Meadows climbed onto the deck and approached the man. He looked vaguely familiar. Then Meadows placed the face. “Hey,” Meadows said, “you’re that author, that—”

“Retired author,” the man said, smiling, “and yes, I’m him. Forget about that for a moment—how are you with electronics?”

“My oven is still on daylight savings time,” Meadows admitted.

“Damn,” the author said, “I blew the motherboard in this sonar and I need to get it fixed before the weather clears and we can go out again. The repairman was supposed to be here an hour ago. He must be lost or something.”

“How long have you guys been docked here?” Meadows asked.

“Four days now,” the author said. “Another couple more and I’ll need to spring for new livers for my team—they’ve been sampling the local flavor. That is, except for one guy—he swore it off years ago and now he’s hooked on coffee and pastries. The question is, where do I find these guys? These expeditions are like a floating insane asylum.”

“Oh, yeah,” Meadows said, “you like to do underwater archaeology.”

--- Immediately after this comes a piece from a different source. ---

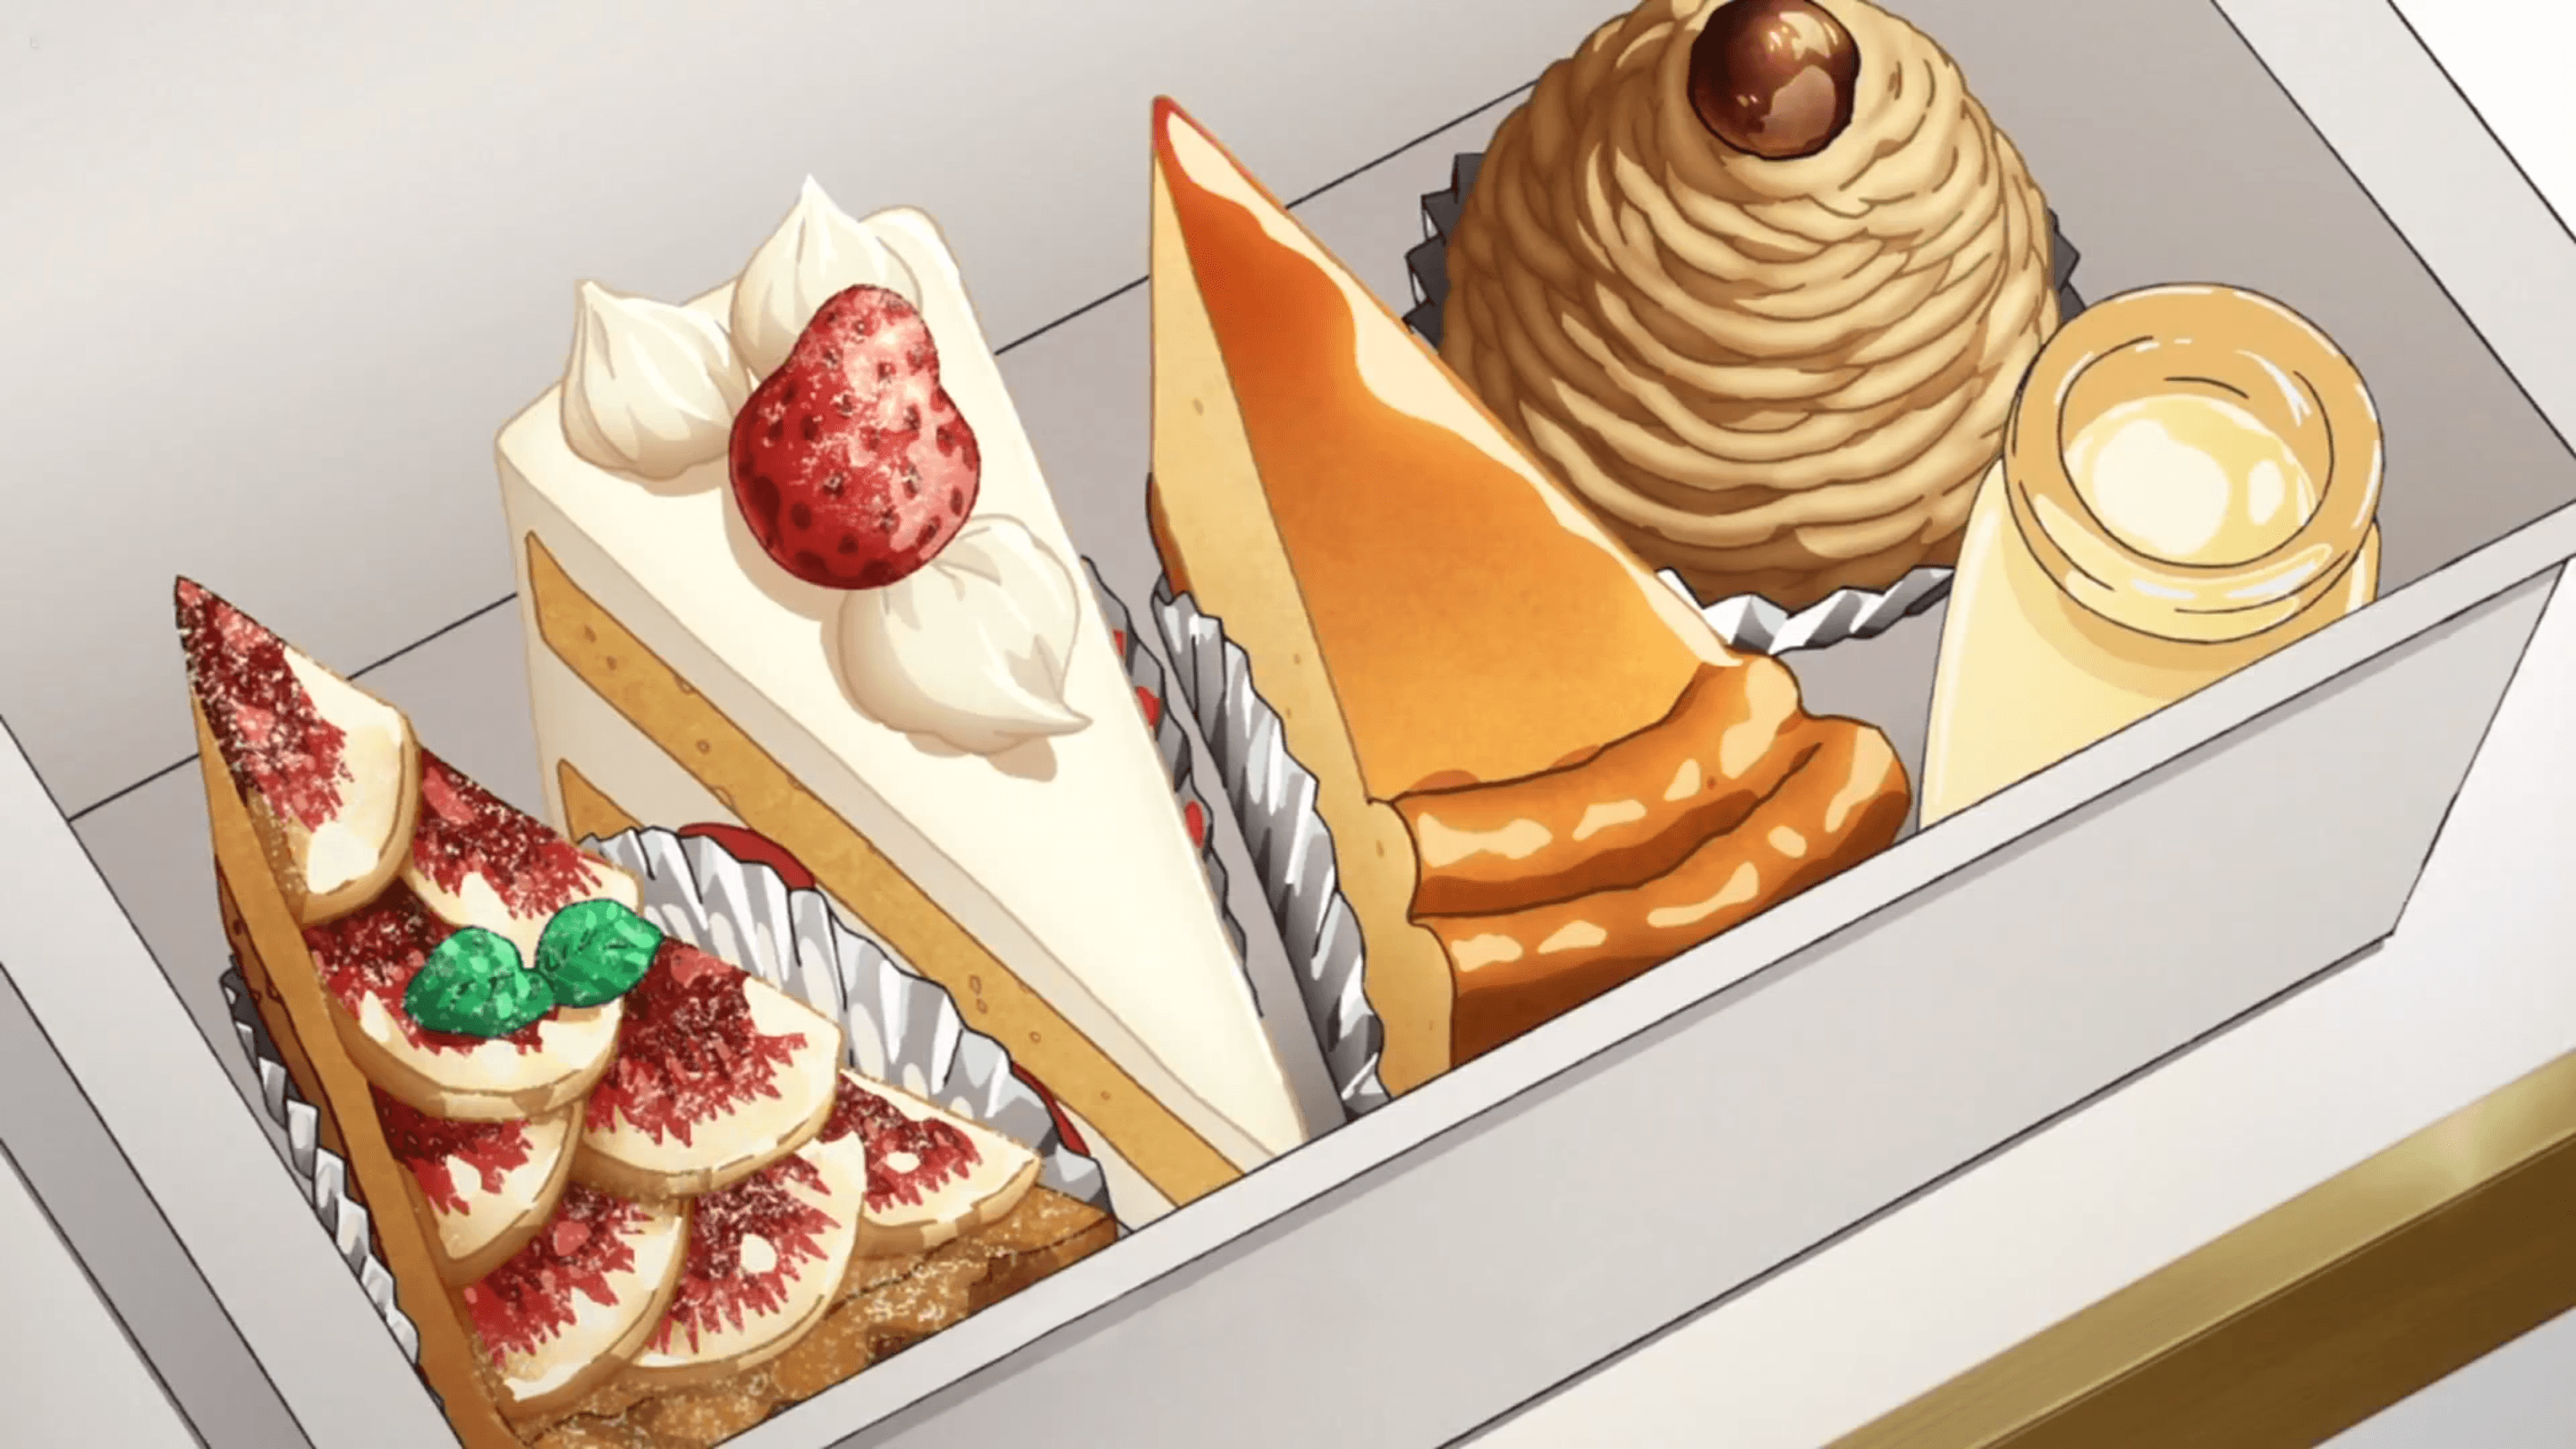 Bakery backgrounds on Behance

“Don’t say ‘archaeology’ on this vessel,” the author joked. “Archaeologists are on the same plane as necrophilia on this boat. We’re adventurers.”

“Sorry,” Meadows said, smiling. “Hey, we’re looking into a theft on these docks a couple of nights ago. Did you guys lose anything?”

“You’re an American,” the author said. “Why would you be investigating a robbery in England?”

“Would you believe national security?”

“Oh, sure,” the author said. “Where were you when I was still writing? I had to make everything up.”

“Seriously,” Meadows said.

The author considered this for a moment. Finally he answered. “No, we didn’t lose anything. This boat has more cameras on it than a Cindy Crawford swimsuit shoot. Underwater, above water, down in the cabins on the instruments, hell, probably in the head for all I know. I rented it from a film crew.”

Meadows looked astonished. “Did you tell the Brits that?”

“They didn’t ask,” the author said. “They seemed a lot more interested in explaining to me that I hadn’t seen anything—which I hadn’t.”

“So you didn’t see anything?”

“Not if it was late at night,” the author said. “I’m over seventy years old—if it’s past ten at night, there had better be a fire or a naked girl if you want to wake me.”

“But the cameras?” Meadows asked.

“They run all the time,” the author said. “We’re making a television show about the search—tapes are cheap, good footage is precious.”

“Would you mind showing them to me?” Meadows asked.